Это эссе является художественным литературным произведением. Некоторые события могут быть выдуманы автором. Но суть всего изложенного именно такова.
Андрей Филимонов[4]Лучший вид на этот город
Почти двадцать лет я наблюдал из своего окна за исчезновением старого города. Это было в Томске, который однажды пригодился французскому поэту Гийому Аполлинеру в качестве символа края земли:
Поезд донес до метельного Томска
вести с полей Шампани… —
написал поэт в военном стихотворении 1917 года, желая подчеркнуть, что даже отмороженные гипербореи из мест отдаленных узнали о победе на Западном фронте.
В этом городе время идет не так, как в других городах. Иногда оно совсем не идет, зависает, но, даже тронувшись с места, никуда не спешит. Наиболее внимательные путешественники отмечали, что стрелки часов здесь крутятся медленнее, чем обычно, поэтому город хорошо сохранился. Хотя и плохо выглядит. Но это из-за панельного домостроения. Оно пришло внезапно, словно эскадра колонизаторов в туземный порт. На фоне девятиэтажных новостроек бревенчатые домики выглядят убогими лодочками аборигенов.
Мы почти не общались – пассажиры девятиэтажек и туземцы из «памятников деревянного зодчества». Двухсотлетние старцы, вросшие в землю по самые окна, уныло скребли ставнями тротуары. Бывшие купеческие хоромы с деревянными драконами и жар-птицами на крышах кренились вправо и влево, иногда под таким острым углом, что хотелось зайти внутрь и спросить жильцов, как они там обходятся без альпинистского снаряжения.
С четвертого этажа, из окна моей комнаты, улица казалась пьяной и оттого – живой. Только шедевры панельного домостроя стояли ровно, под прямым углом, как пионеры на демонстрации. Деревянные старожилы, помнившие каторгу и ссылку, выделывали коленца какого-то не очень приличного танца. Архитектура – это ведь застывшая музыка. И кто сказал, что обязательно классическая? Томские деревяшки явно плясали комаринскую.
Особенно летом, когда за кривыми заборами, в огородах, заросших крапивой, кто-нибудь до глубокой ночи терзал баян. Музыканты, одетые по-домашнему – кепка, беломорина, татуировки на голом торсе, – никого не стеснялись.

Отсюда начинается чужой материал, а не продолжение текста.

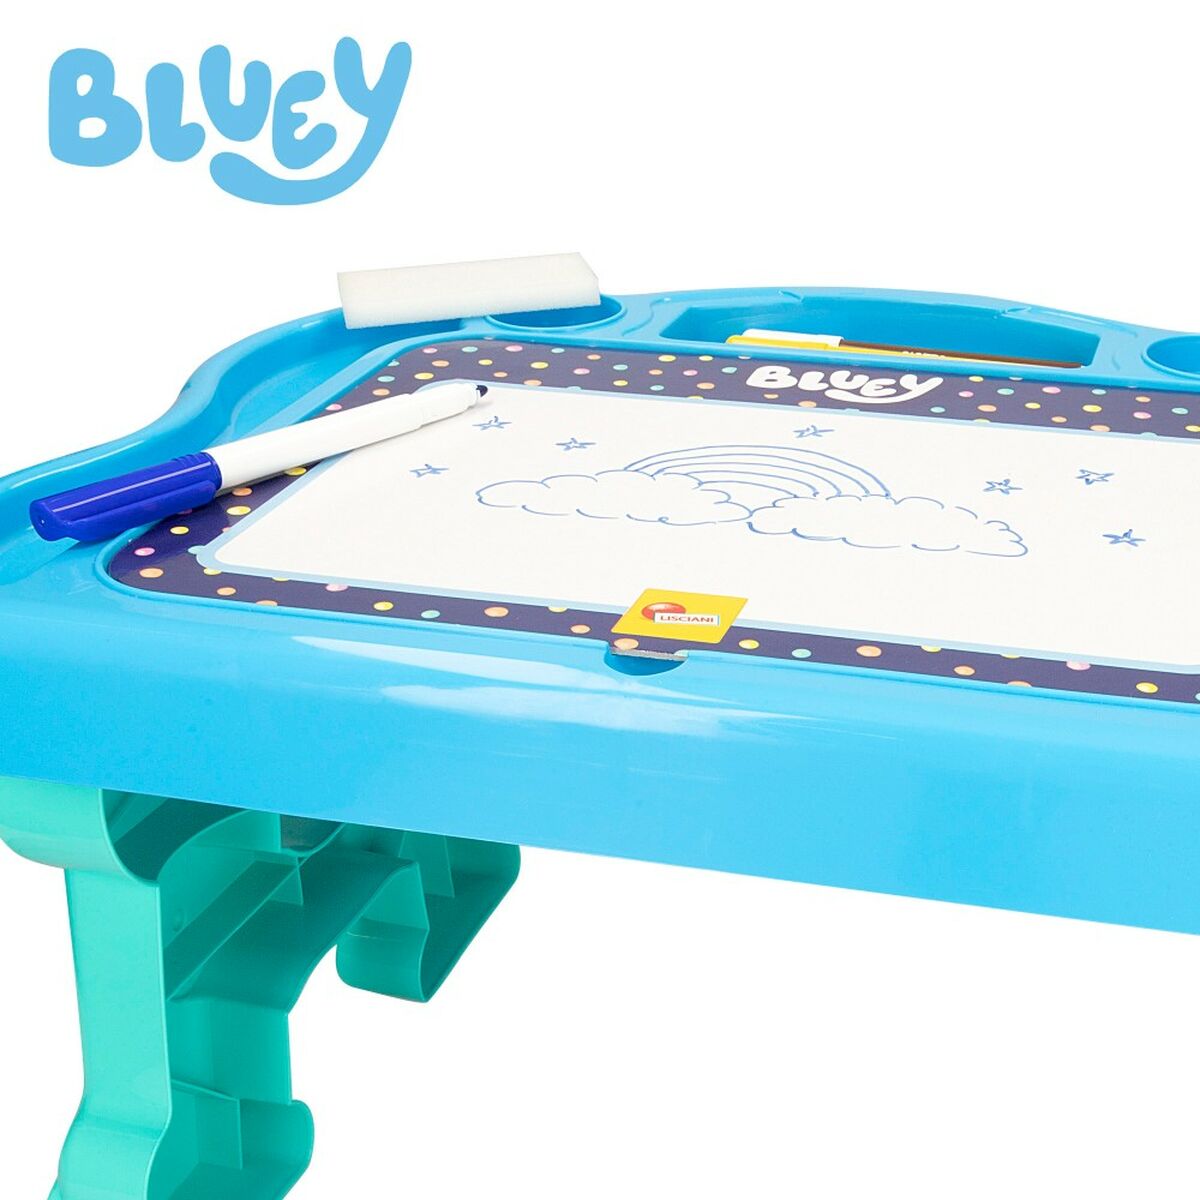 3D-pussel Bluey Teckning 48 x 29 x 38 cm (6 antal)-Leksaker och spel, Pussel och hjärngrupper-Bluey-peaceofhome.se

Они еще не успели привыкнуть к девятиэтажной стене, нависающей над их личным пространством. Из своего окна я наблюдал эти домашние концерты на свежем воздухе, которые чаще всего были прелюдией к пьяной драке. И тогда бледная северная ночь взрывалась экзистенциальной матерщиной.
С давних времен мордобой являлся излюбленной формой досуга томских обывателей. Ссыльные журналисты позапрошлого века (других там практически не было до открытия университета в 1888 году) в красках описывали на страницах губернских газет, как по воскресеньям, вернувшись из церкви, сходятся в кулачном бою стенка на стенку жители соседних улиц. Месят друг друга кулаками час-другой до полного удовольствия, а потом расходятся, усталые, но довольные.
Примерно так же дело обстояло в 1981 году, когда мы поселились в новой квартире, выходящей окнами на старый город. С одним отличием: перед дракой народ уже не посещал церковь.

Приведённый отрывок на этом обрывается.